IMF cuts global outlook for 2015-16 again

IMF cuts global outlook for 2015-16 again

Lima: The International Monetary Fund (IMF) cut its global growth forecasts for a second time this year on Tuesday, citing weak commodity prices and the slowdown in China, and warned that policies aimed at increasing demand were needed.

The IMF, whose three-day annual meeting starts in the Peruvian capital tomorrow, forecast the world economy would grow by 3.1% this year and 3.6% next year -- both new forecasts are 0.2 percentage points below its July projection and 0.4 and 0.2 percentage points below its April outlook, respectively.

The downgrades come after central banks in major industrial economies cut rates to near zero and spent US$7 trillion in quantitative easing programmes in the seven years since the global financial crisis.

Despite those measures, investment, growth and productivity are stuck below pre-crisis levels, and there is a lack of consumer demand.

Among the major economies, the US is expected to grow by 2.6% this year and 2.8% next year, the euro zone 1.5% and 1.6% and Japan 0.6% and 1%.

The IMF sees growth in China slowing to 6.8% this year and 6.3% in 2016.

The biggest hit to growth will come in emerging economies, where the IMF cut its growth forecast to 4% in 2015 due to a sharp slide in commodity prices.

"The distribution of risks to global growth remains tilted to the downside," the IMF said in its World Economic Outlook report.

"Downside risks to growth for emerging-market and developing economies have increased, given the risks to China's growth transition, more protracted commodity market rebalancing, increased foreign exposure of corporate balance sheets and capital-flow reversals associated with disruptive asset price shifts."

The IMF expects the US Federal Reserve will start raising rates this year, although it expects the Fed will stay its hand until it sees signs of inflation rising towards its 2% target.

The Fed was criticised for failing to communicate effectively at last month's rate meeting after comments prior to the event indicated lift-off from zero rates was possible. Markets are now pricing in a first move next March.

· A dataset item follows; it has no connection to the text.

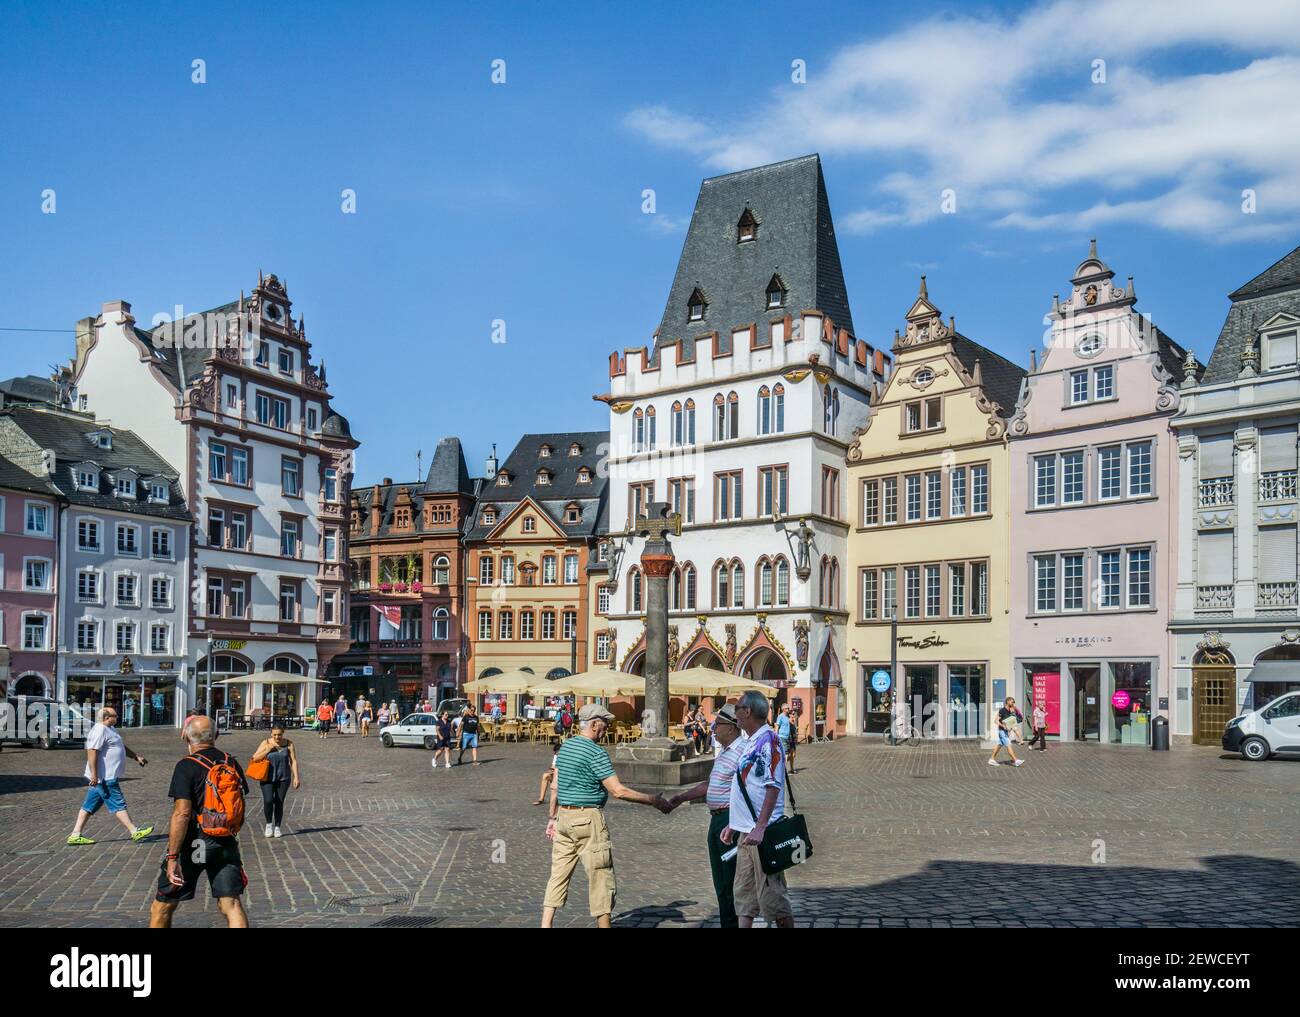 Hauptmarkt the Main Market Square of the ancient city of Trier, with market cross against the backdrop of house facades from the Renaissance, Baroque, Stock Photo
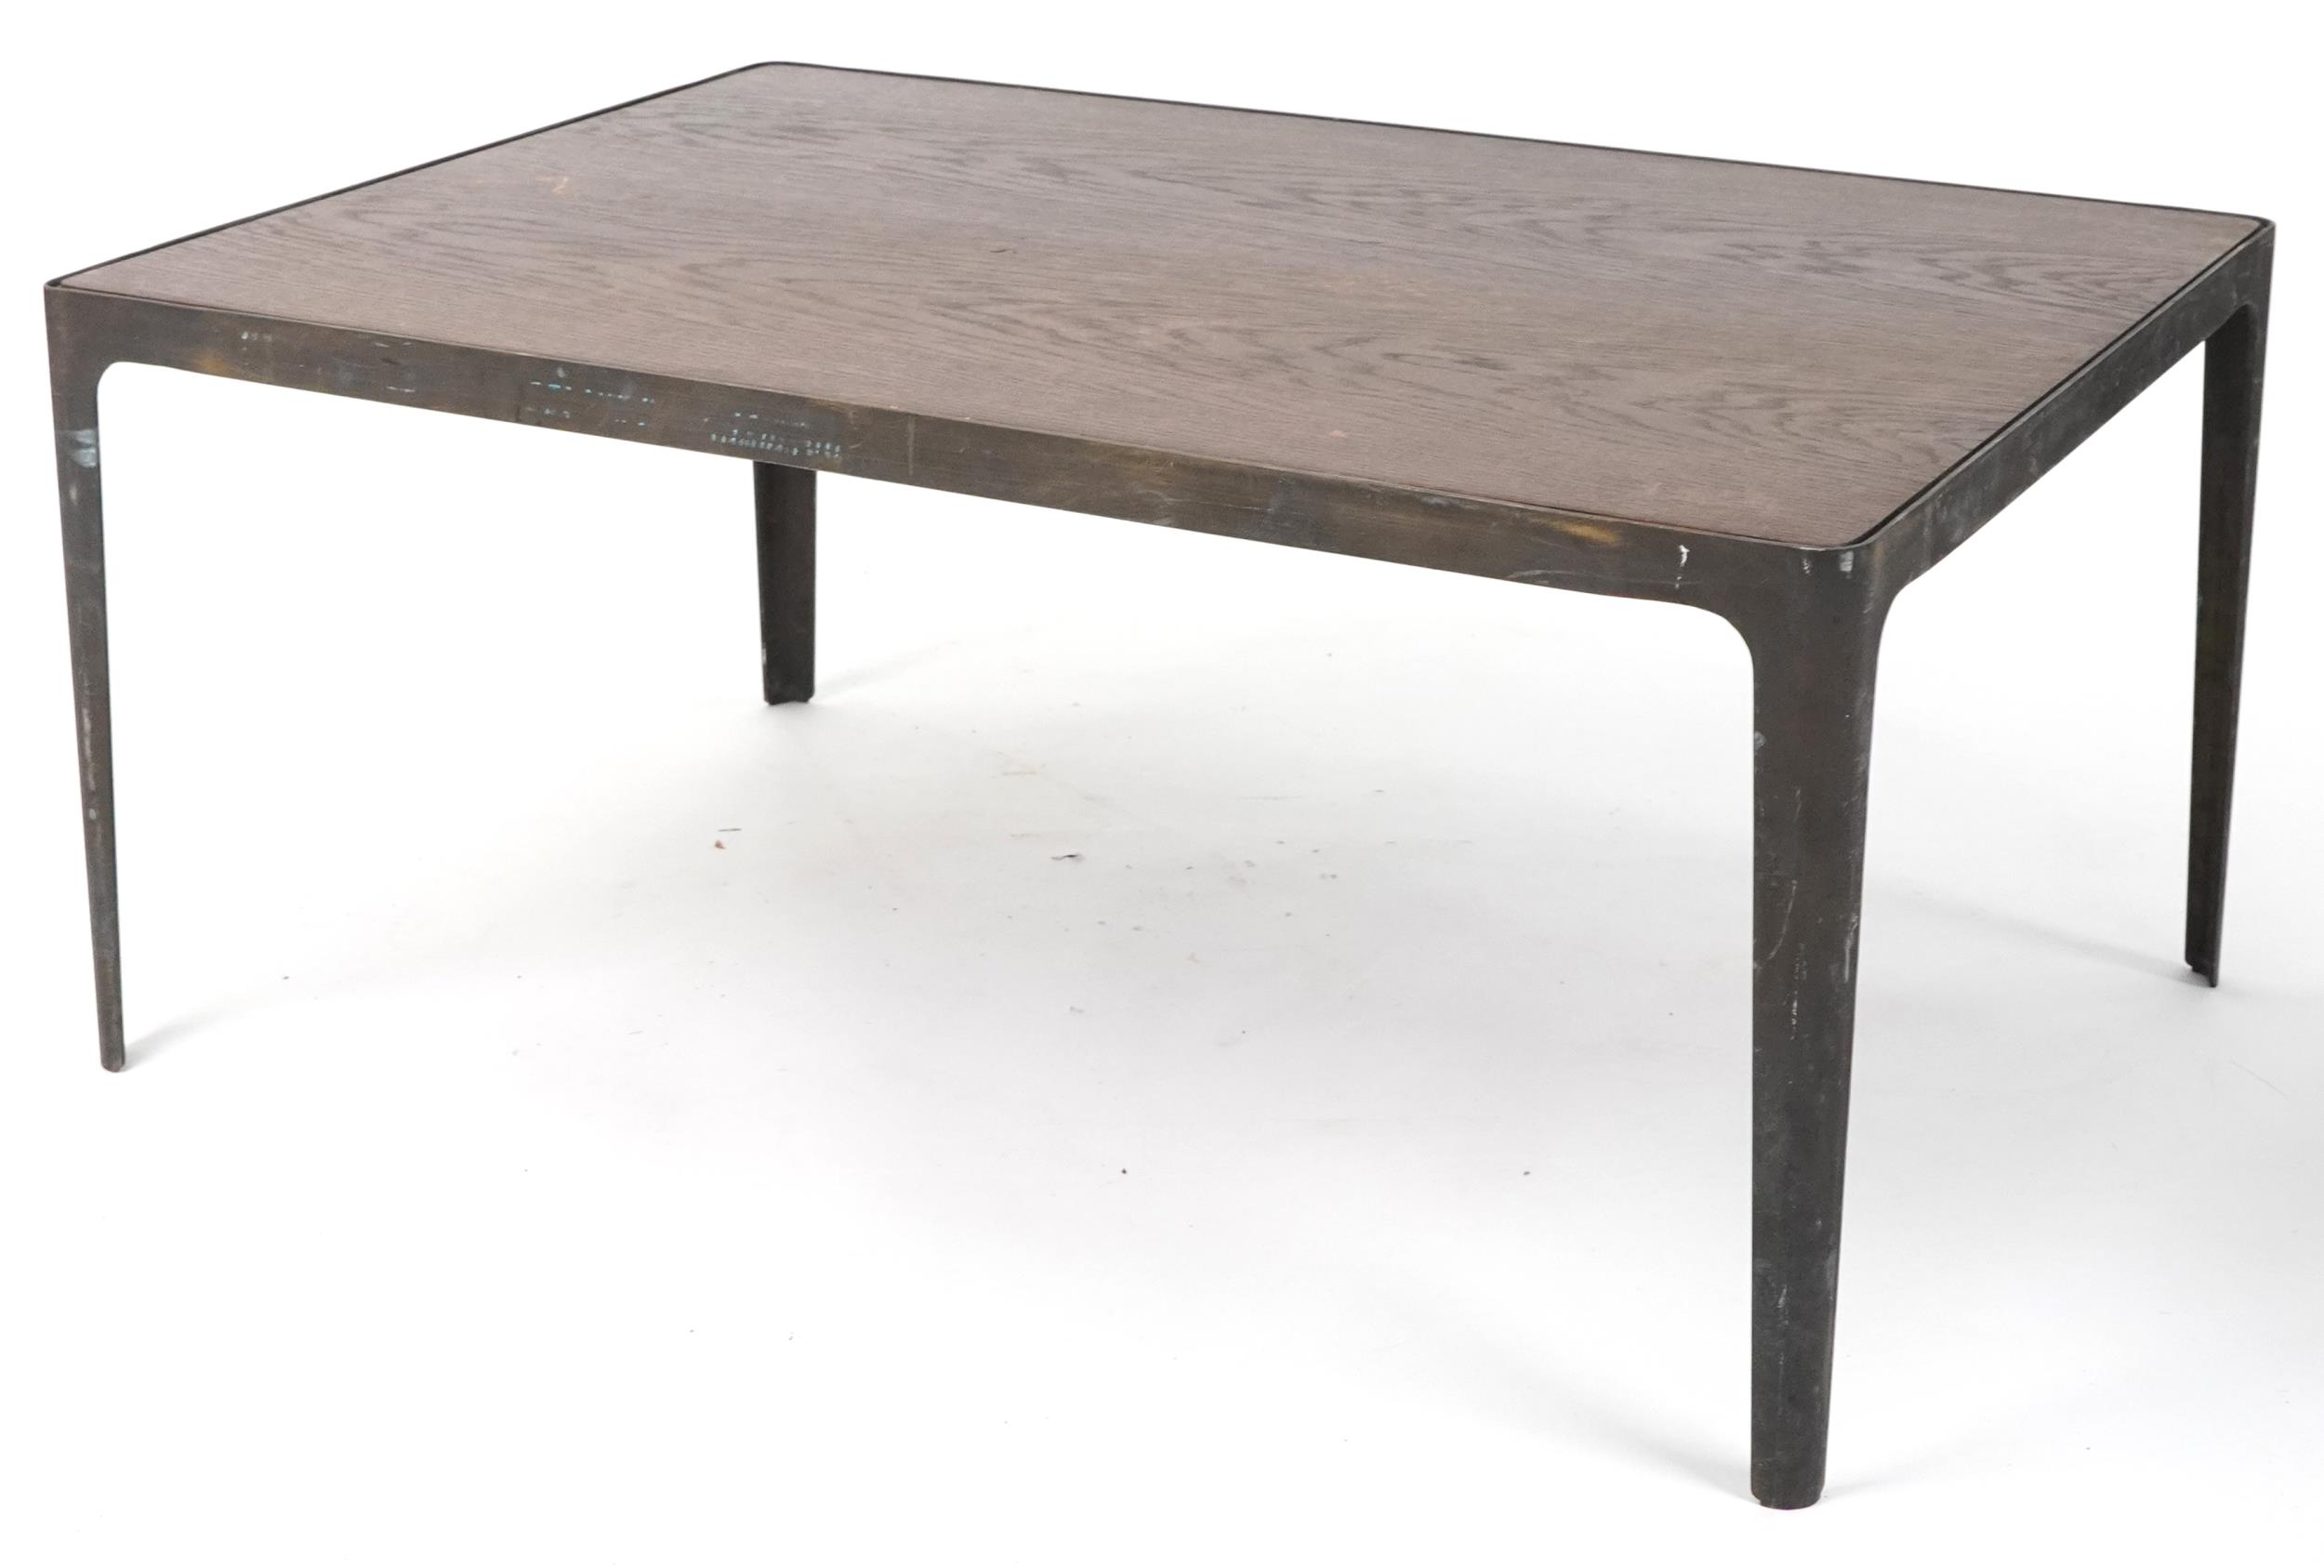 Industrial painted metal and hardwood rectangular coffee table, 45cm H x 100cm W x 70cm D

Greater transparency by the Fed would ease possible disruptions to other economies, particularly emerging markets, which are more vulnerable to changes in US policy. The IMF has also warned the Fed not to raise rates prematurely.

"Regardless of the timing of the initial policy move, the data would suggest that the subsequent rate increases should be gradual," the report said.

Nonetheless, inflation remains well below target, while market-based expectations show it is expected to remain below the Fed's target for a considerable time.

The US core consumer price index (CPI), which strips out food and energy costs, ticked up just 0.1% year-on-year in August, reflecting a stronger dollar.

In the 12 months through August, the core CPI increased by 1.8% year-on-year, the fifth time in six months that the 12-month change was 1.8%.

Both Japan and the European Central Bank are seen as ready to undertake more quantitative easing, which helped to stave off a banking collapse but has so far failed to boost demand.

The IMF stressed monetary policy alone would not reignite global growth.

Pimonwan Mahujchariyawong, deputy managing director of Kasikorn Research Center (KResearch), said the IMF's downward revisions painted a gloomy picture for the world, reflecting how exports are continuing to decline worldwide.

But she said the IMF's view was in line with that of KResearch -- the Chinese economic slowdown and prolonged low commodity prices will affect commodity exporters such as Australia and those located in the Middle East and South America.

"The only country projected to record a stronger recovery is the US, so high hopes cannot be expected in terms of [Thai] exports going to foreign countries," Ms Pimonwan said.

KResearch forecasts Thai economic growth next year within a range of 2.5% to 3.5%, while exports will expand by 2% in dollar terms.

Regarding the Bank of Japan's decision to hold off further expansion of its monetary stimulus measures and the effect of that decision on foreign direct investment (FDI) by Japanese businesses, Ms Pimonwan said Japanese investors would assess the outlook for global economic recovery.

Japanese FDI is not expected to increase significantly if the global economic slowdown is protracted.

"[Japanese] businesses could expand their investment in certain sectors if they think those business segments can record tangible growth," Ms Pimonwan added.